Concepts involved in video coding layer:
Video compression technology:
- Intra prediction compression solves the problem of spatial data redundancy.
- Inter prediction compression (motion estimation and compensation) solves the problem of time-domain data redundancy.
- Integer discrete cosine transform (DCT) transforms the spatial correlation into frequency domain independent data, and then quantizes it.
- CABAC compression.
- I frame: key frame, using intra frame compression technology.
- P frame: forward reference frame. During compression, only the previously processed frames are referenced. Inter frame compression technology is adopted.
- B frame: bidirectional reference frame. During compression, it refers to both the previous frame and the subsequent frame. Inter frame compression technology is adopted.
- GOP: there is an image sequence between two I frames; There is only one I frame in an image sequence.
Concepts involved in network abstraction layer:
- SODB: String Of Data Bits, that is, the most original data after VCL coding (the length is not necessarily an integer of 8, so it needs to be supplemented).

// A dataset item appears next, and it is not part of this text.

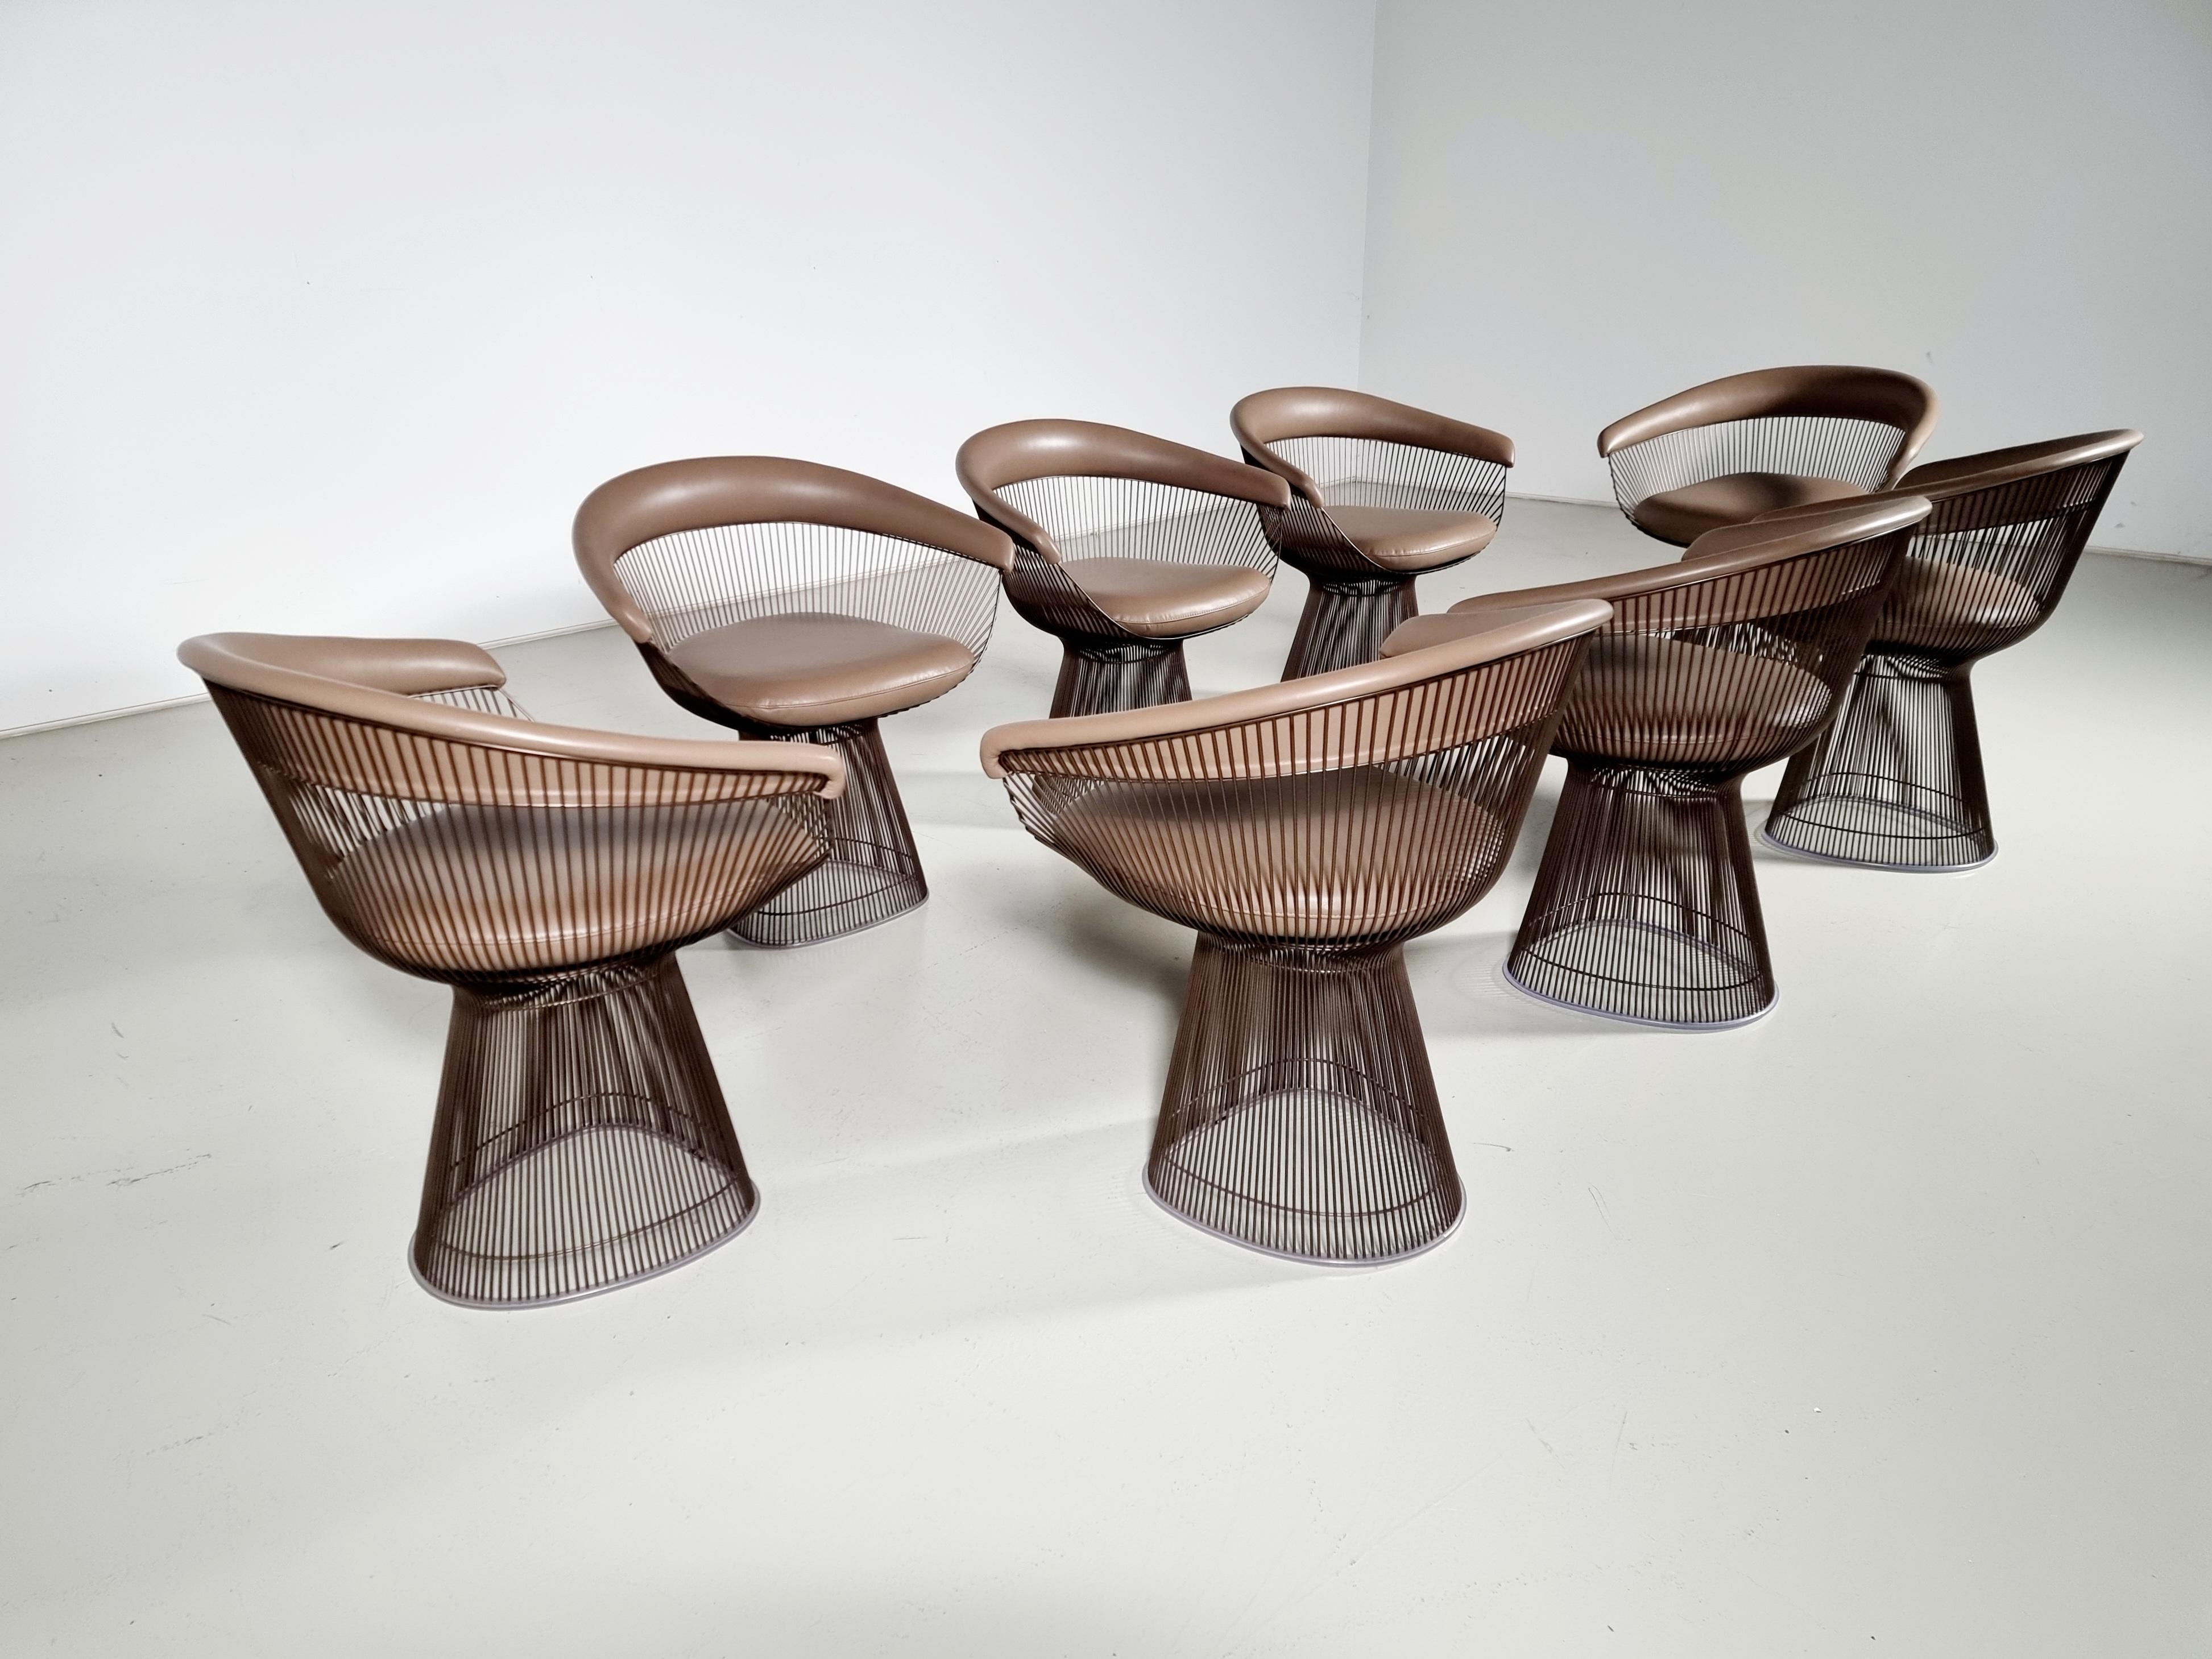 Warren Platner chairs, set of 8,  Knoll International

In 1966, the Platner Collection captured the “decorative, gentle, graceful' shapes that were beginning to infiltrate the modern vocabulary. The armchair, which can be used as a dining chair or

- RBSP: Raw Byte Sequence Payload, that is, RBSP is added after SODB_ trailing_ Bits (the first bit is 1, followed by 0 until the bytes are aligned).
- Emulation Prevention Bytes: anti contention code (0x03), that is, when encountering two consecutive 0x00 bytes, insert a byte of 0x03 (e.g. 0x000001 = > 0x00000301). Remove 0x03 during decoding. Also known as shelling operation.
- EBSP: Extension Byte Sequence Payload, that is, anti contention code (0x03) is added on the basis of RBSP.
- NALU: a NAL Unit, including a NALU header and a NALU body (generally RBSP).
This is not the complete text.